Your instructions: Your copy should match the listing below exactly, except that it holds no images.

The data:

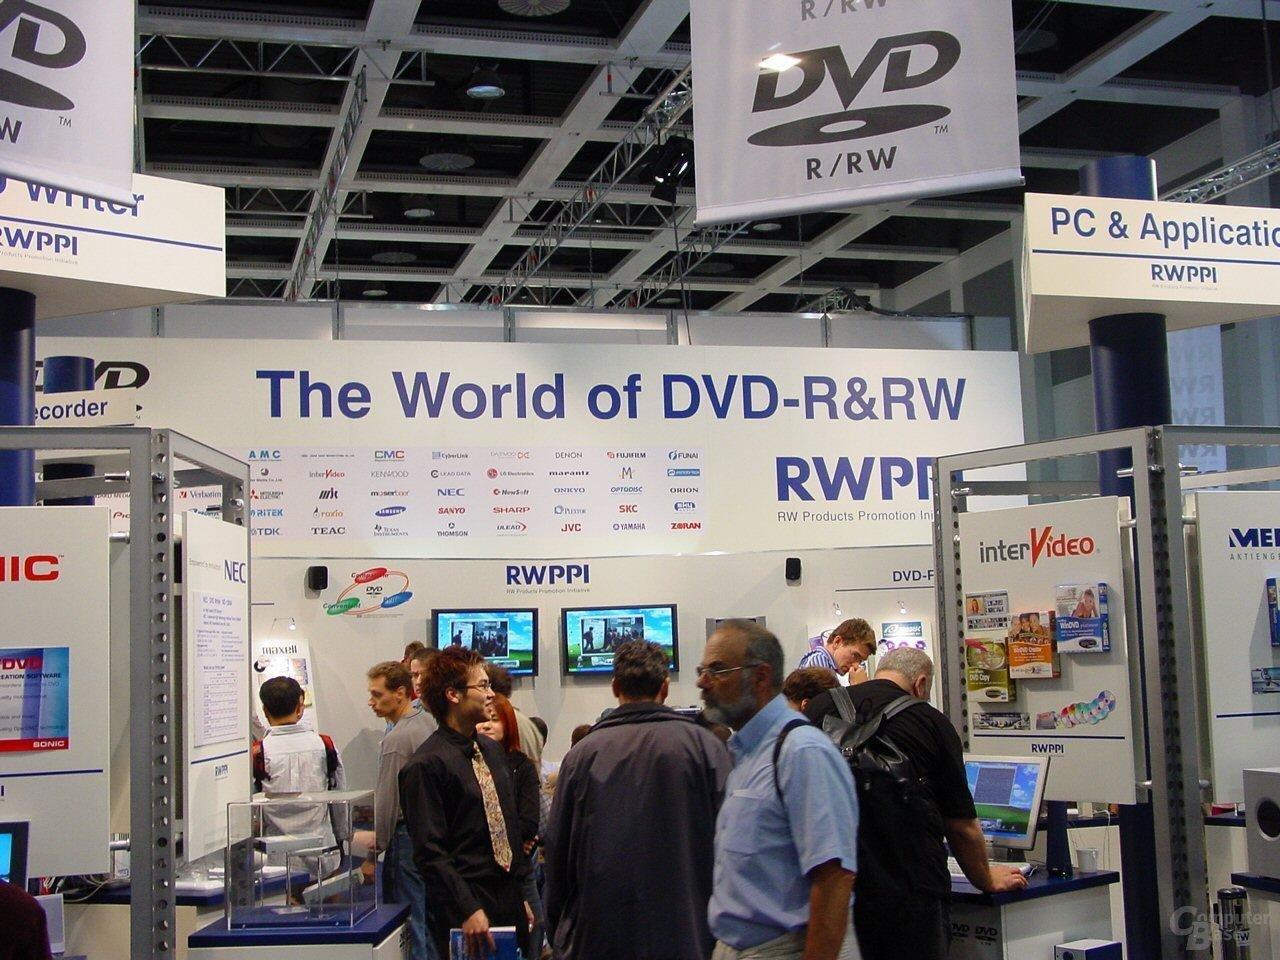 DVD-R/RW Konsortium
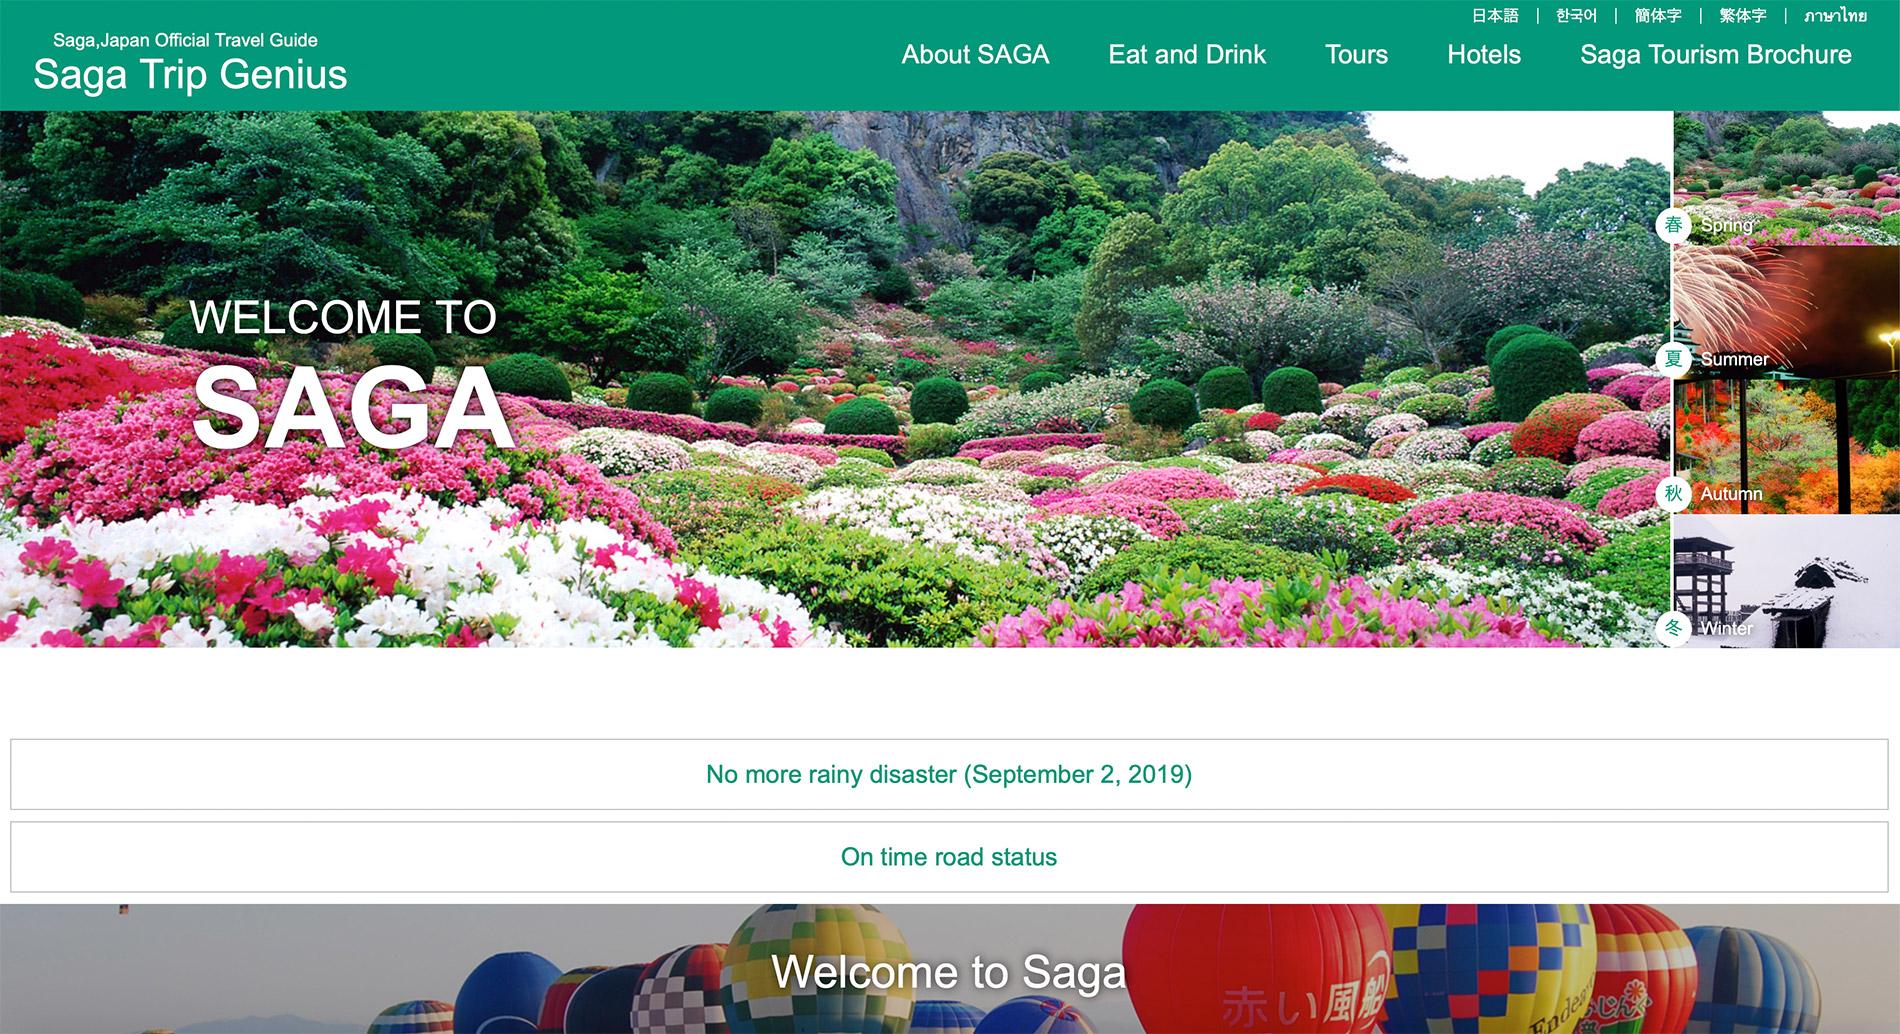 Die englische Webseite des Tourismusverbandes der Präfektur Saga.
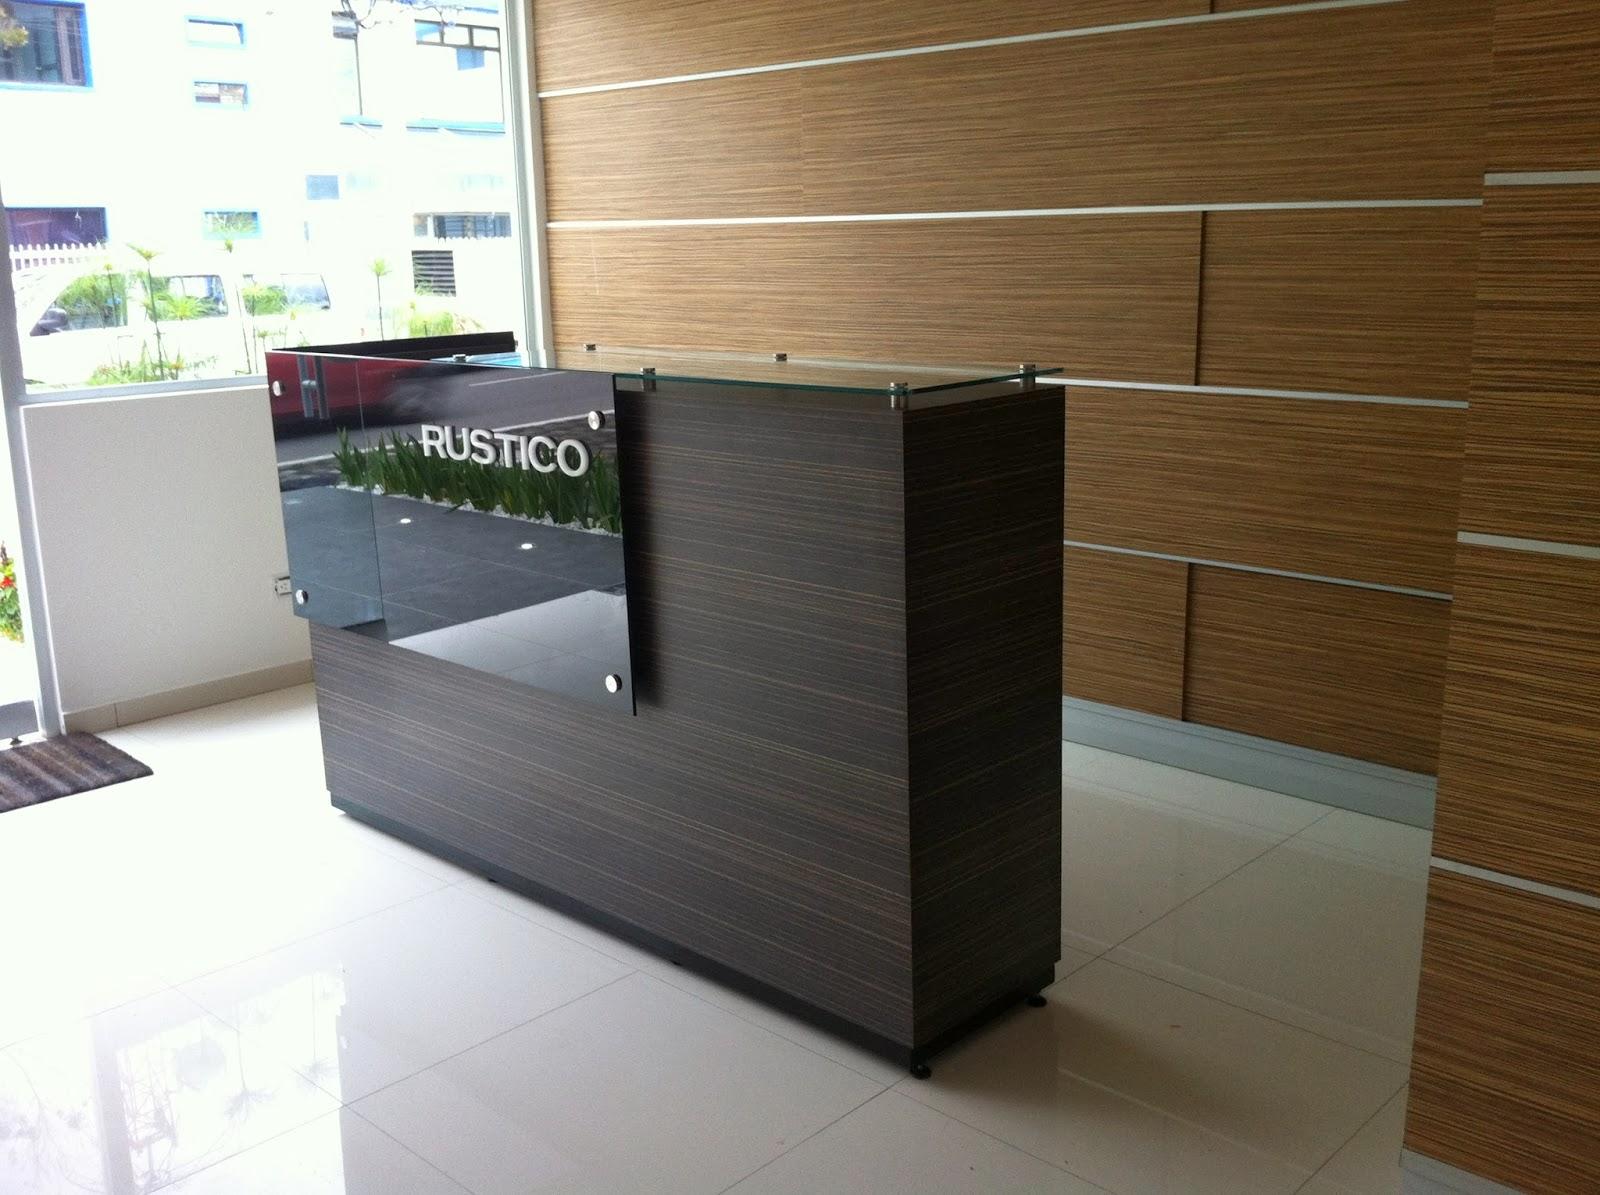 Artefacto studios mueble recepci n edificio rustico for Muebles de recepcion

Answer to this problem:
 DVD-R/RW Konsortium
 Die englische Webseite des Tourismusverbandes der Präfektur Saga.
 Artefacto studios mueble recepci n edificio rustico for Muebles de recepcion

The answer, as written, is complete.